The next day we had breakfast at the
Caiguna Roadhouse, refuelled and paid 50c/l for water. They do desalinisation to get drinking water and there had not been much rain during summer. We weren’t sure of water supplies at Cocklebiddy or
Rawlinna and as it turned out there were none to be had. This day George had two punctures with his MTR’s. He was running skinnies with tubes and it was tiny rocks, which work their way in past the rim, and prick the tubes. At Cocklebiddy we split the rims and repaired the punctures before setting off again to
Rawlinna.
At first the road to
Rawlinna is a broad graded road but after Arubiddy Station it deteriorates to a track. It is here one crosses the
Nullarbor Plain which is so flat you could see in to the middle of next week. We found an old Citroen wreck on the plain. The track weaved its way through numerous gates and a
vermin proof fence. As it was getting dark, I decided to
camp. But George and Maureen had other ideas and talked me in to driving to
Rawlinna. This I agreed to against my better judgement. At night, tracks take on a different spectre and it is difficult to follow them even with the help of a GPS.

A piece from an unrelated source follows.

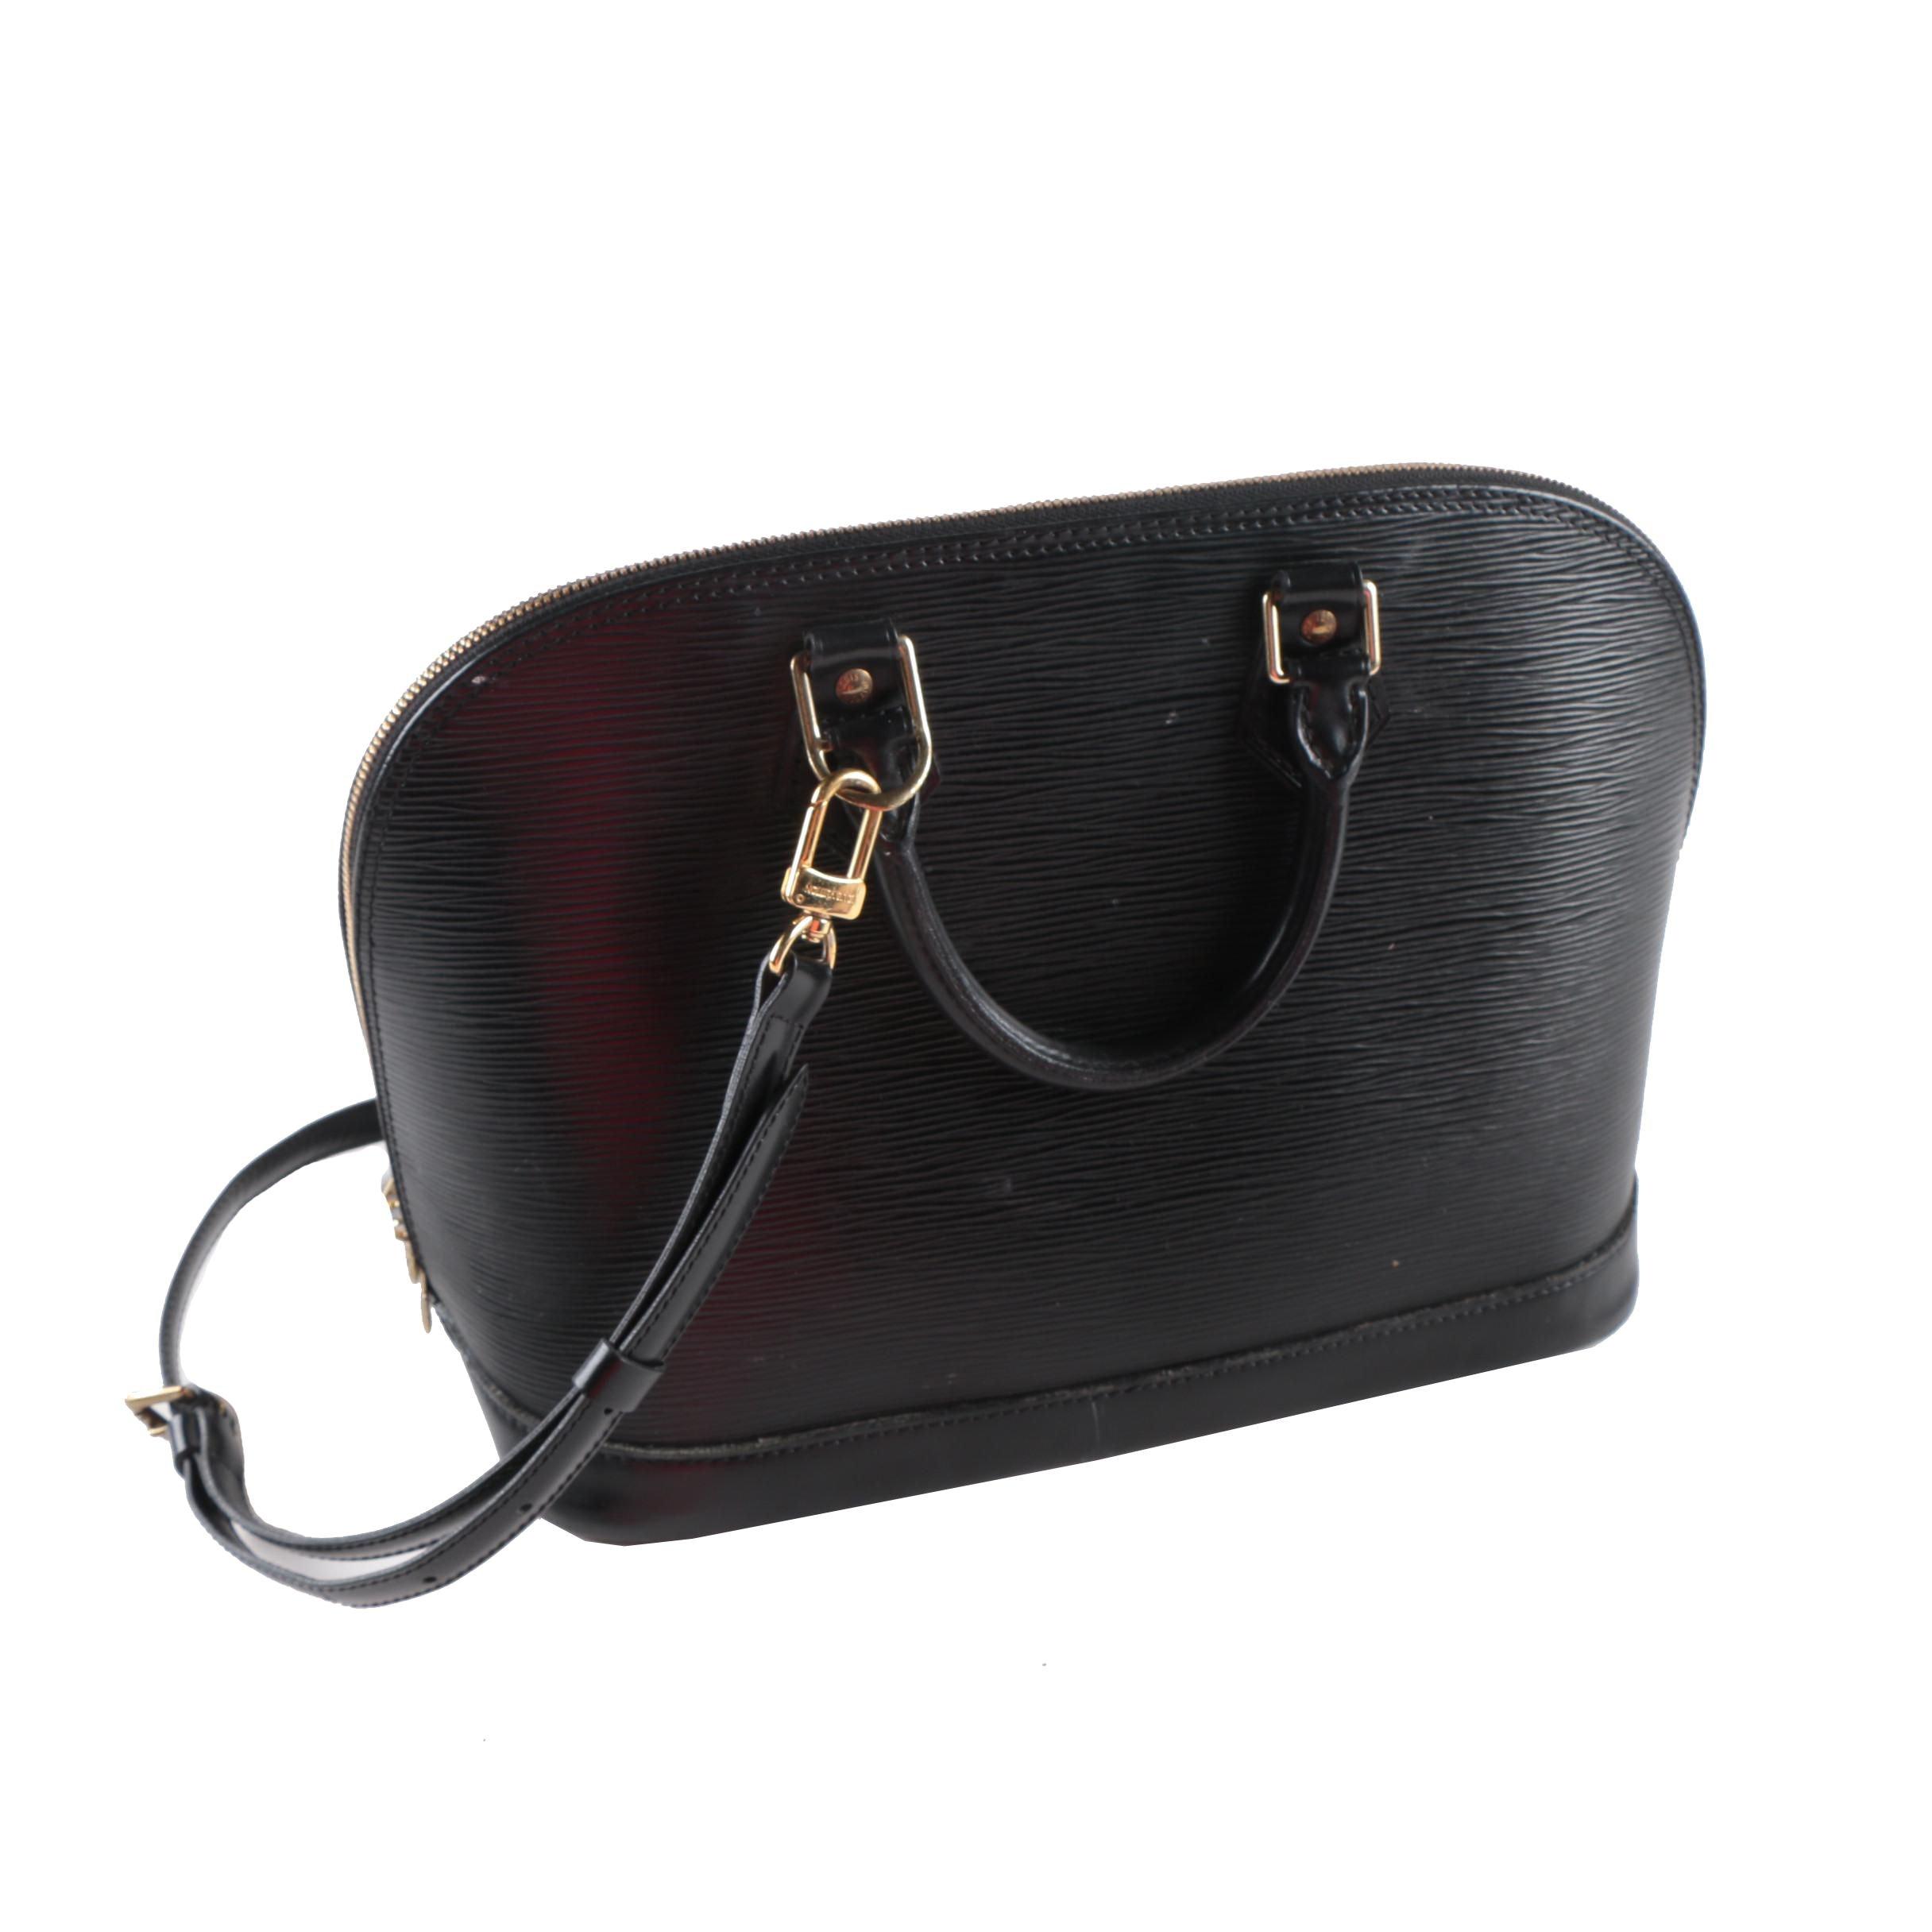 Vintage Louis Vuitton Alma Black Epi Leather Satchel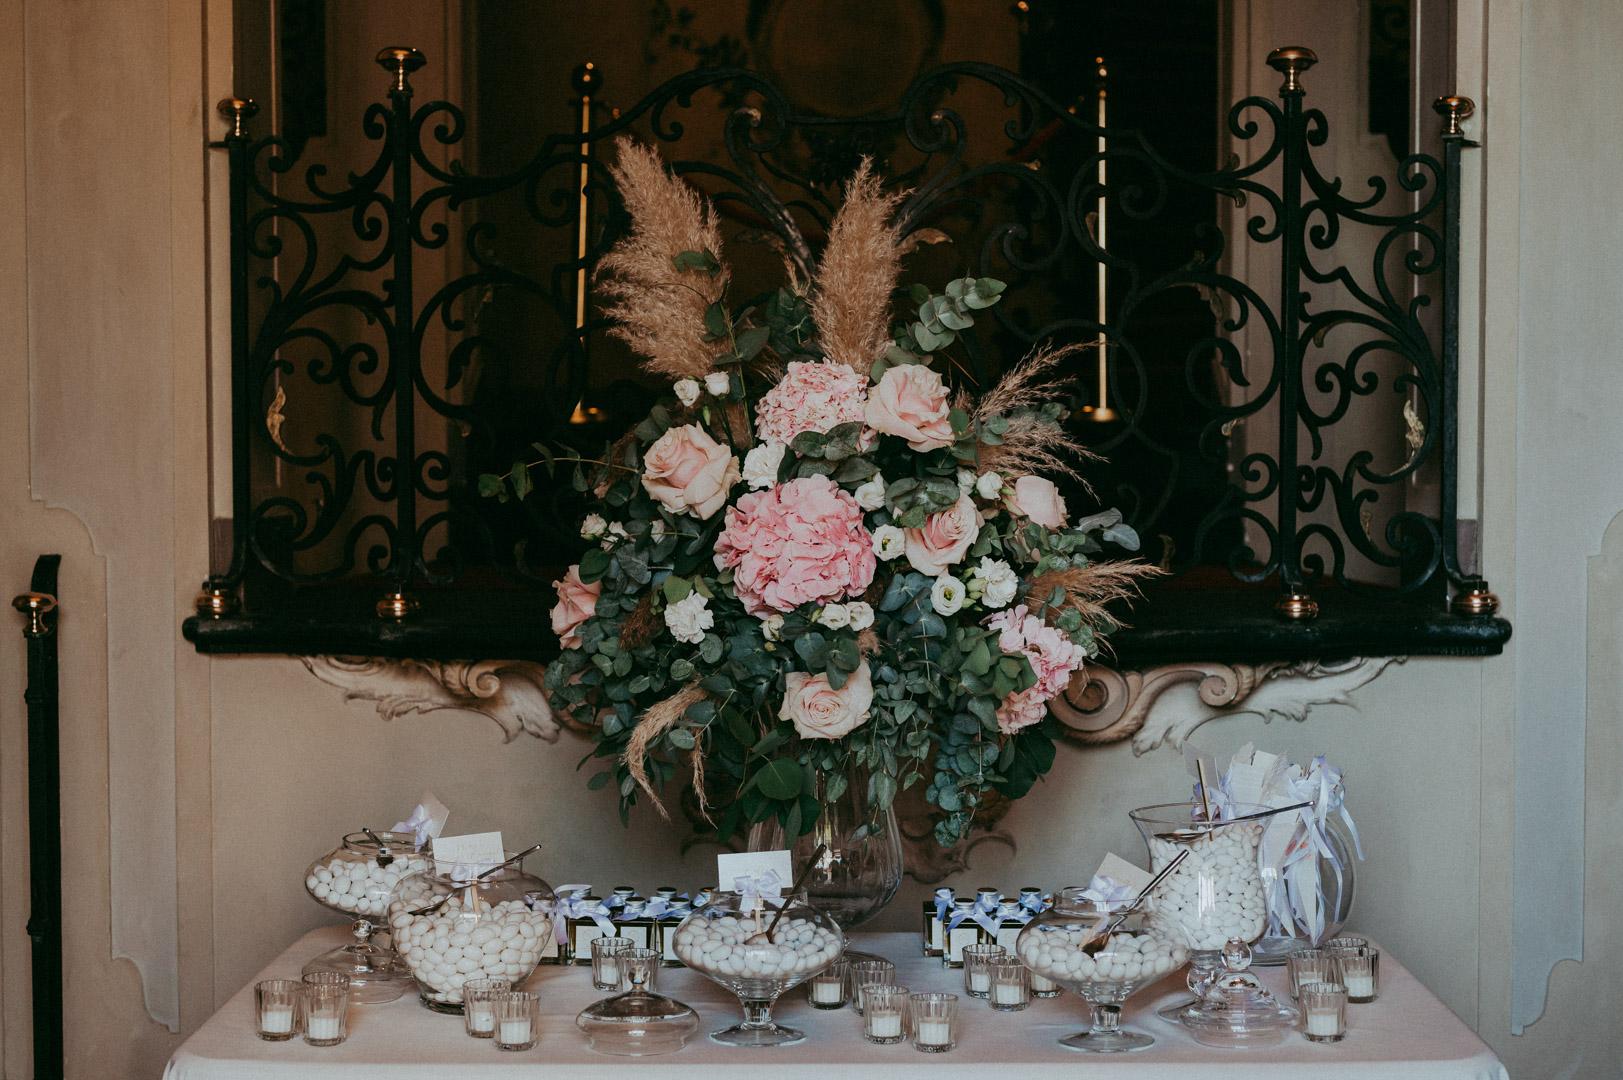 historic villa - SugarEvents Luxury Wedding and Event Planner

Eventually we could see the lights of
Rawlinna but the tracks were now turning west and east and we were supposed to be heading north. We were virtually driving in circles. Somehow we found the right track and got to
Rawlinna. The old railway siding has a historic value. The rest of the township is operated by a humungous Lime
Mine operation. We saw a light on in a bungalow and enquired to where we could
camp. We were directed to the Nullarbor Muster Gymkhana Grounds. Turn left here over the railway line, then go, maybe 1km, then turn right at the white pole(no sign)……… We found it in the pitch dark and set up
camp behind a large shed to be out of the bitterly cold wind. Only the next day did we found out that the shed was an old aircraft hangar and we could have fitted both vehicles and tents in there…Oh
well!
Had get directions out of
Rawlinna. “Go down that track mate, and turn left at them tyres and go through the
gate. That’s the start of the Connie Sue, mate” Hmmmm…tracks going everywhere. Just follow your instinct. This is where the GPS and laptop worked
well, even if I had to do it manually.